AD ACE was also recently used to study the long-term health outcomes of lecanemab in patients with early AD [17]. All the treatment settings and assumptions considered in the AD ACE model for the health outcomes study and this VBP assessment were aligned except the assumed rate of treatment discontinuation in the base-case scenario which resulted in slight difference in reported outcomes common between the two studies. No treatment discontinuation was assumed in the health outcomes study to help assess the true efficacy of treatment with lecanemab and its impact on clinical outcomes in study participants who strictly adhered to the protocol and planned treatment whereas in this study the observed rate of discontinuation in Study 201 was considered.
The BAN2401-G000-201 (Study 201) trial was conducted in accordance with the Declaration of Helsinki and the International Council for Harmonization and Good Clinical Practice guidelines and was approved by the institutional review board or independent ethics committee at each site. All patients provided written informed consent. An independent interim monitoring committee was responsible for oversight and conduct of the interim analyses and response-adaptive randomization design to evaluate the safety routinely and review the futility analysis results.
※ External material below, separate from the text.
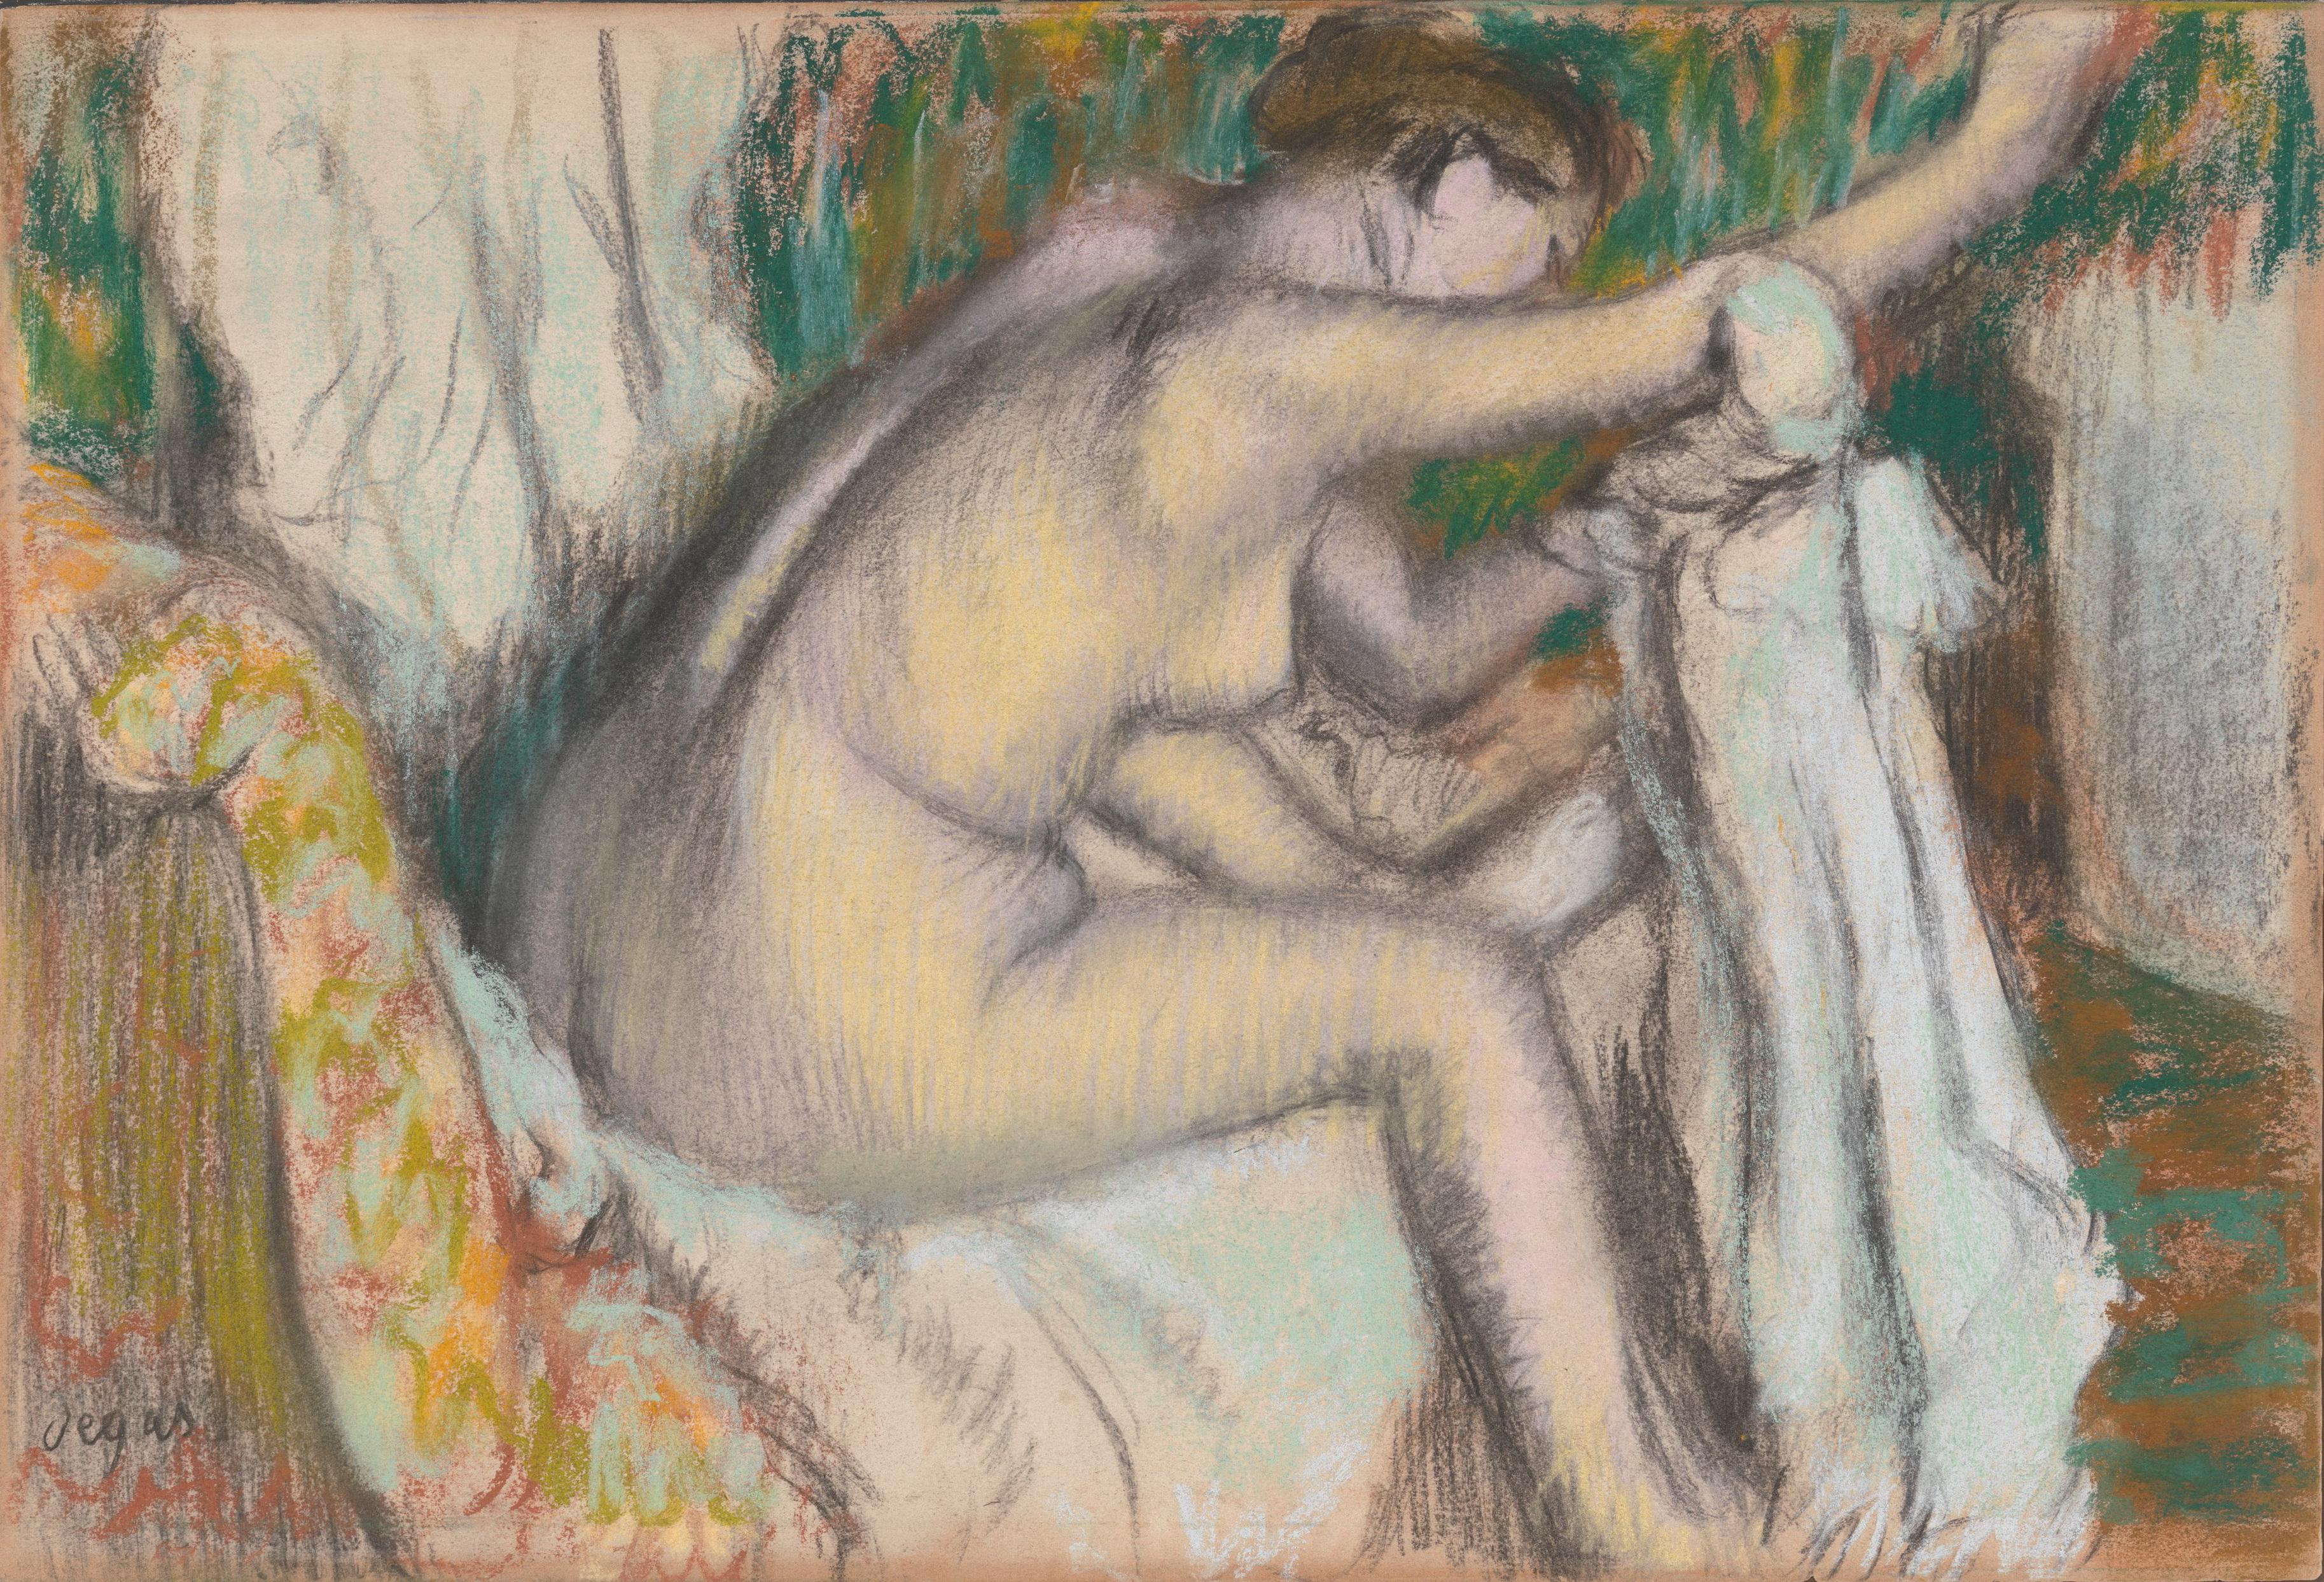 Edgar Degas, 1834-1917. Женщина, вытирающая руку. 1880-1890-е. 30.5 х 44.5 см. Нью-Йорк, Метрополитен

This assessment is based on previously conducted studies and does not contain any new studies with human participants or animals performed by any of the authors. Model parameters related to costs, mortality, disease progression equations, risk of transition to institutional care, and health-related quality of life for patients and caregivers were primarily informed by published literature. Other parameters in the model such as the baseline population, treatment effect, and treatment discontinuation were informed by the Study 201 outcomes. Additional details regarding each of these are provided below.
Disease Progression
The natural history of AD progression for patients receiving SoC was modeled using AD ACE based on disease equations developed from longitudinal patient-level ADNI data for early AD [13] and published AHEAD equations for more severe stages of AD [14, 15]. CDR-SB thresholds were used to determine patients’ disease severity at baseline and over time in AD ACE (i.e., MCI due to AD < 4.5, mild AD ≥ 4.5 to < 9.5, moderate AD ≥ 9.5 to < 16, severe AD ≥ 16) [18]. Accordingly, the proportion of patients with MCI due to AD at the start of the simulation in AD ACE (i.e., CDR-SB score < 4.5 corresponding to CDR Global = 0.5) should be compared to the proportion of patients with CDR Global of 0.5 at baseline in Study 201. Disease severity levels assigned by ADNI on the basis of clinical evaluation of patients are also provided in Table 1 and should be compared to the reported proportion of patients with MCI due to AD diagnosis in Study 201. Model inputs such as patient utility, caregiver disutility, care cost, and hazards of mortality and institutional care changed with disease progression.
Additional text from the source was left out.